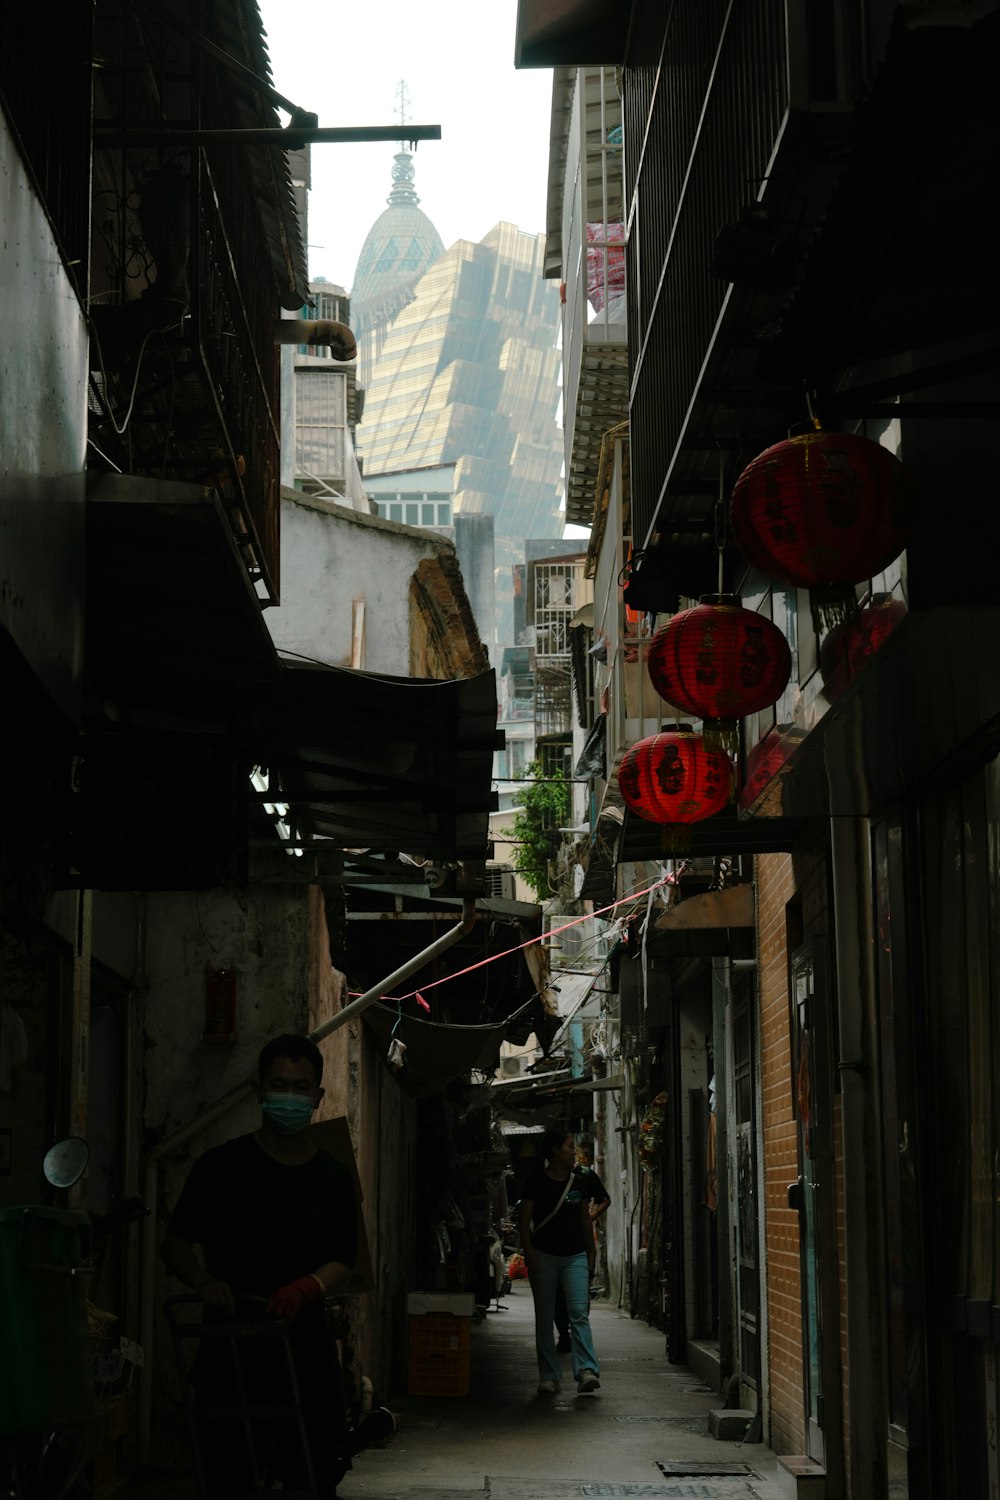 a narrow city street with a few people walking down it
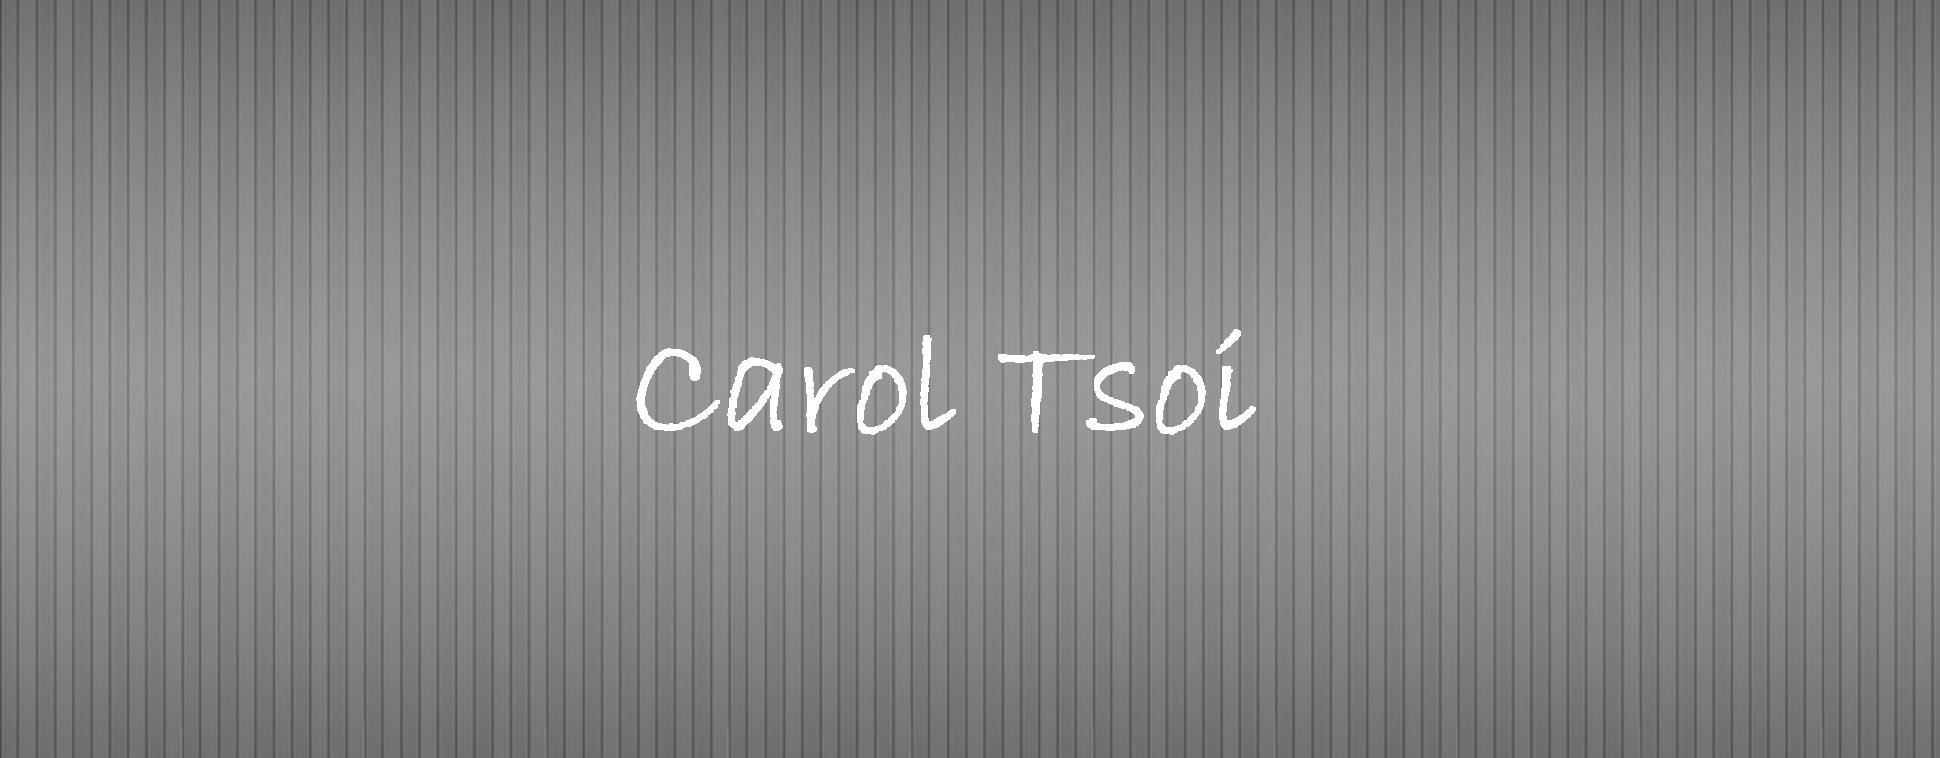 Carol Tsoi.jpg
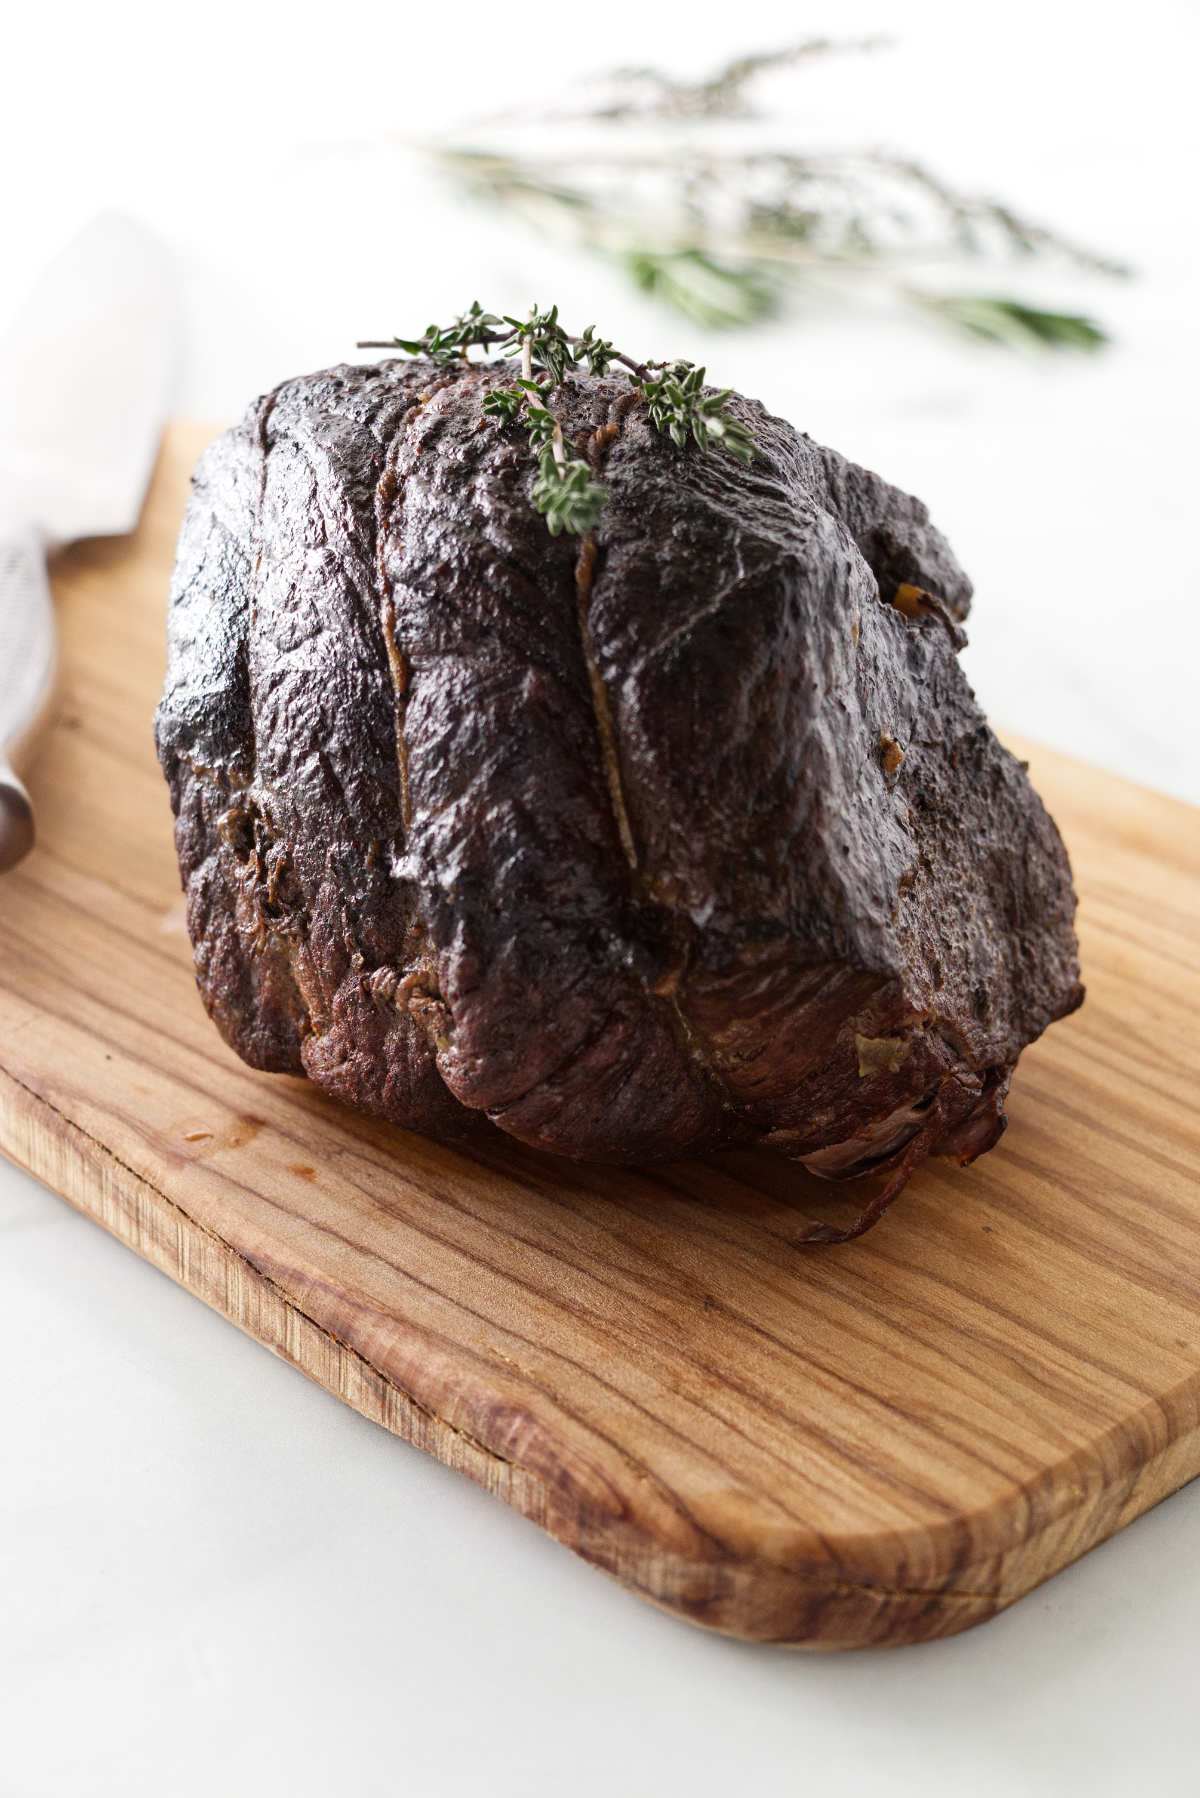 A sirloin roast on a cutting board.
____________________
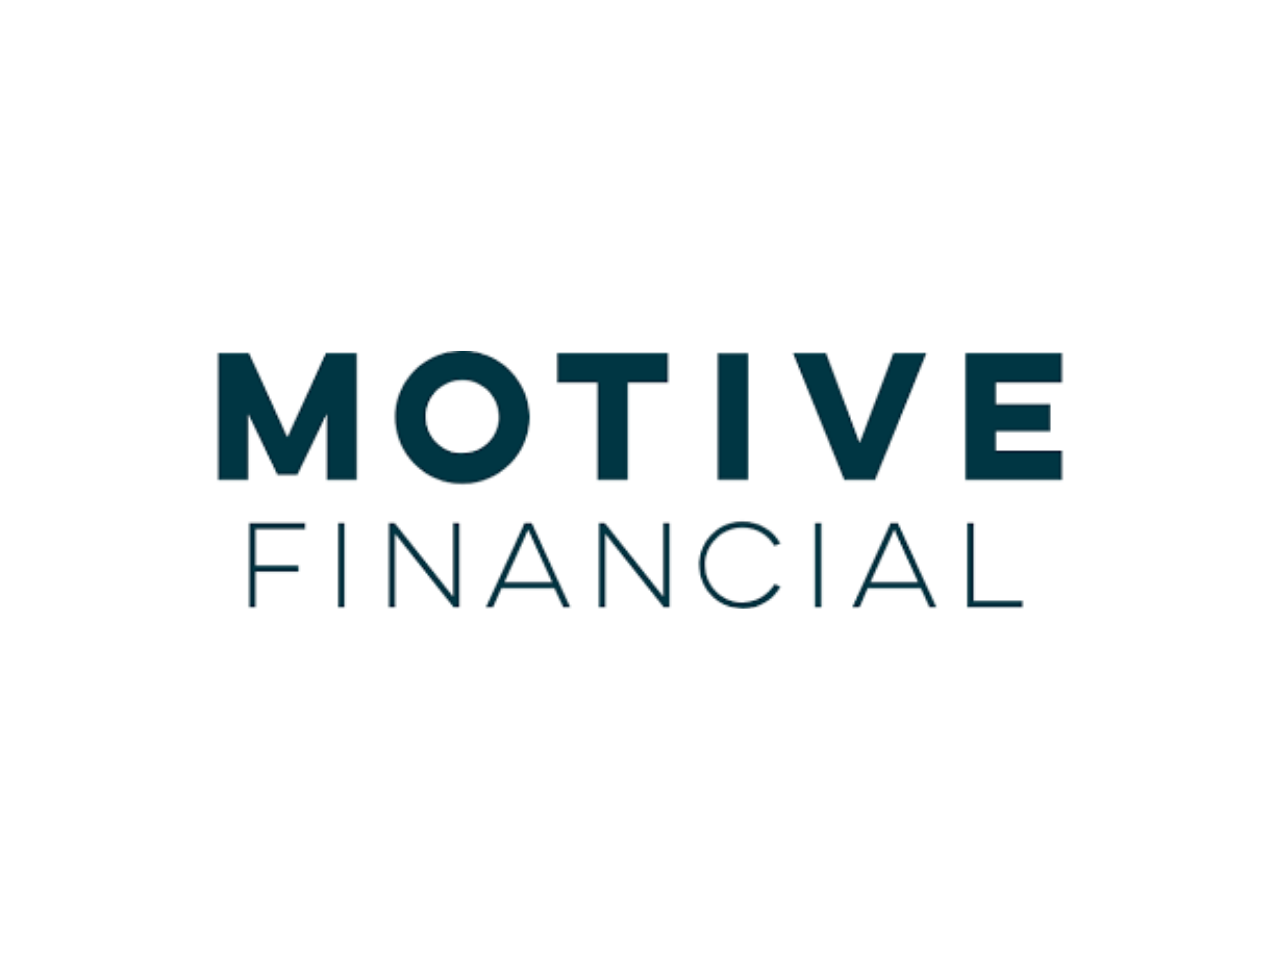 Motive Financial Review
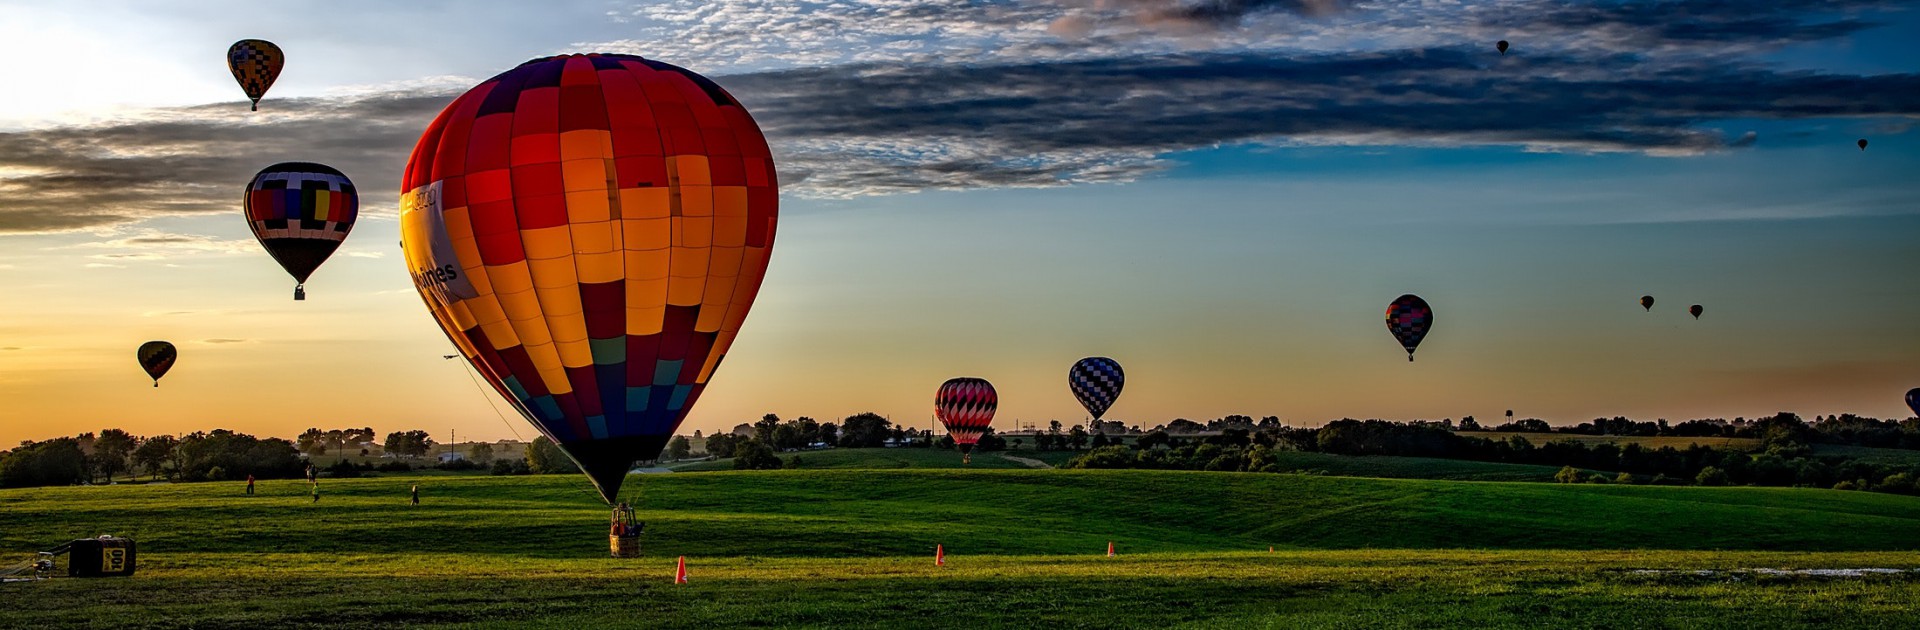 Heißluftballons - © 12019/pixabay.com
____________________
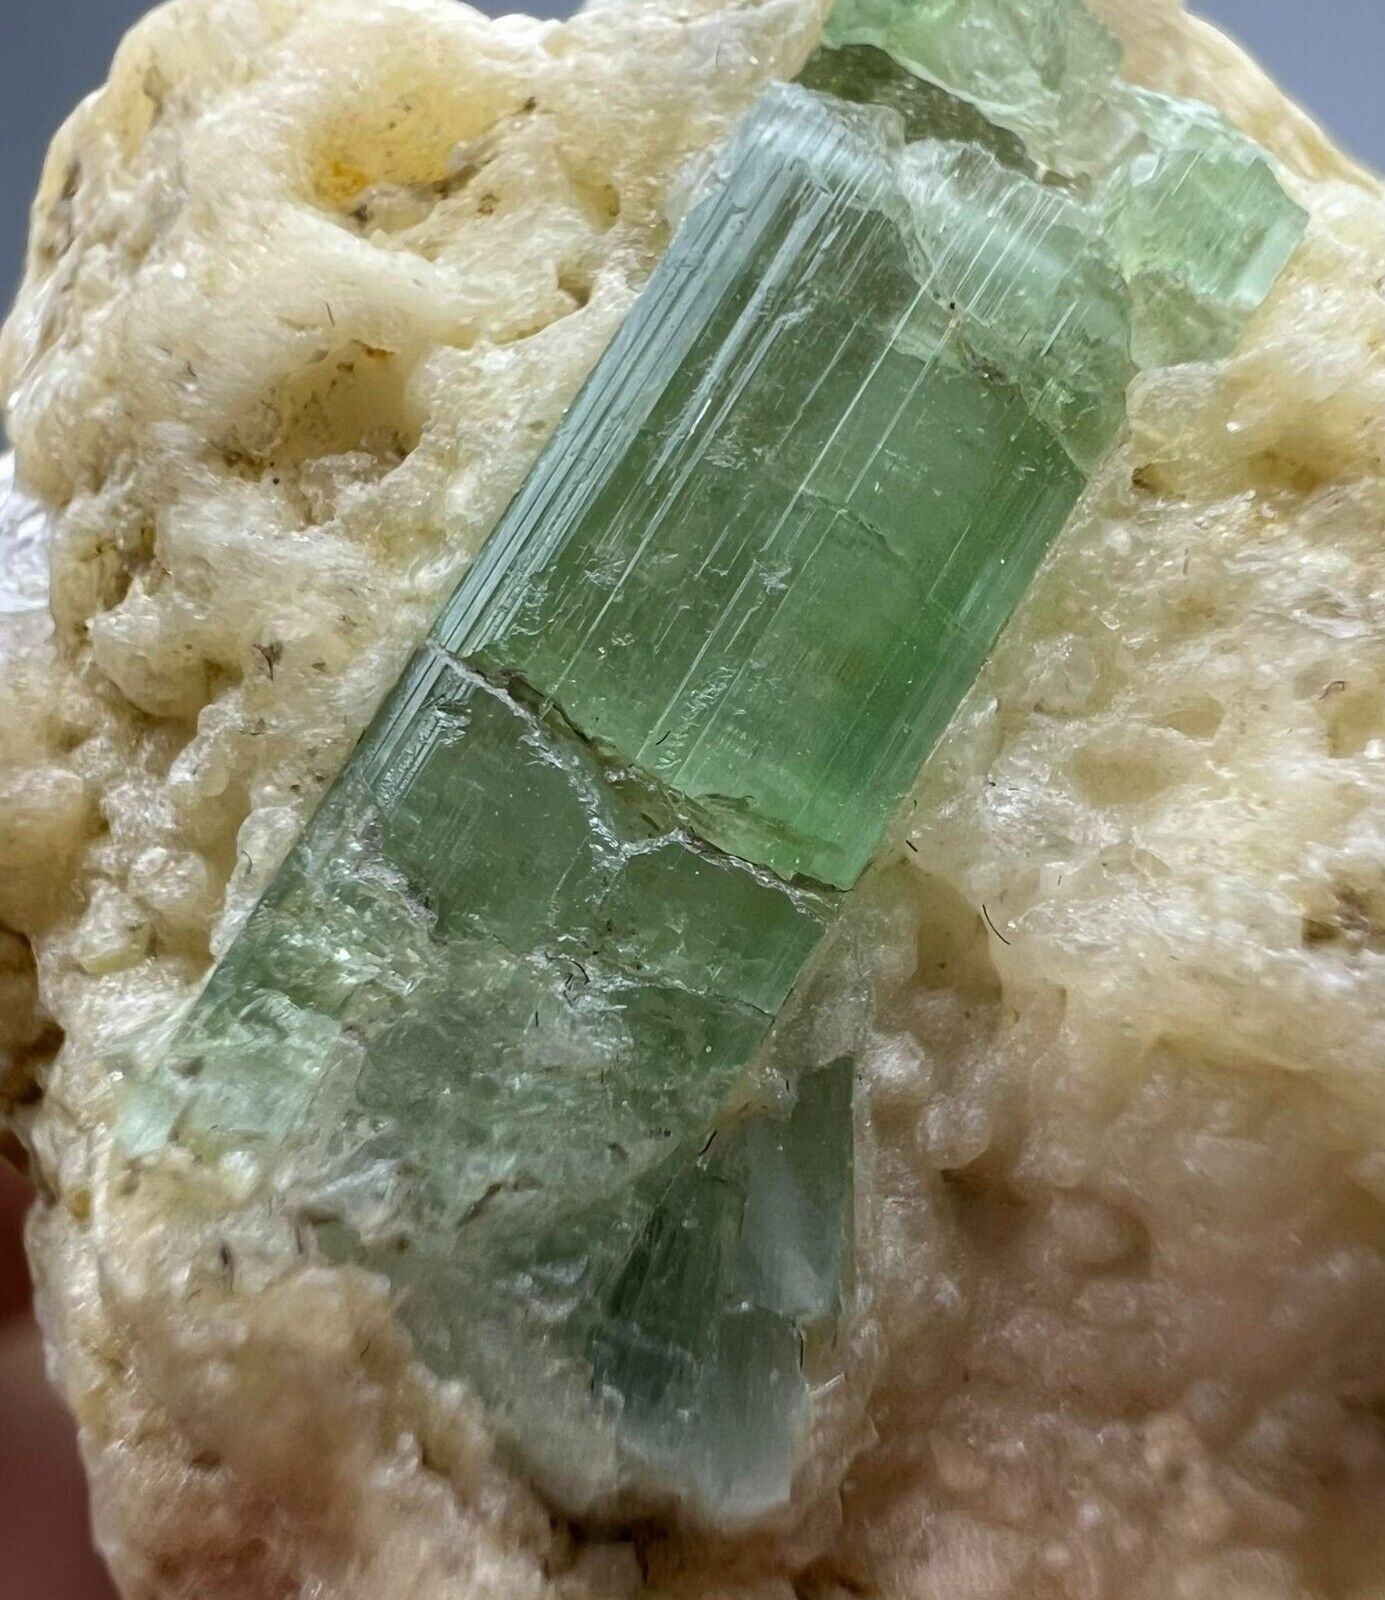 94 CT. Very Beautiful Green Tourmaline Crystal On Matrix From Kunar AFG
____________________
**Assignment**
Within the data above, repeat exactly the lines from the one bearing "Motive Financial Review" through the one bearing "Heißluftballons - © 12019/pixabay.com". Include no pictures and nothing else.

**Completed exercise**
 Motive Financial Review
 Heißluftballons - © 12019/pixabay.com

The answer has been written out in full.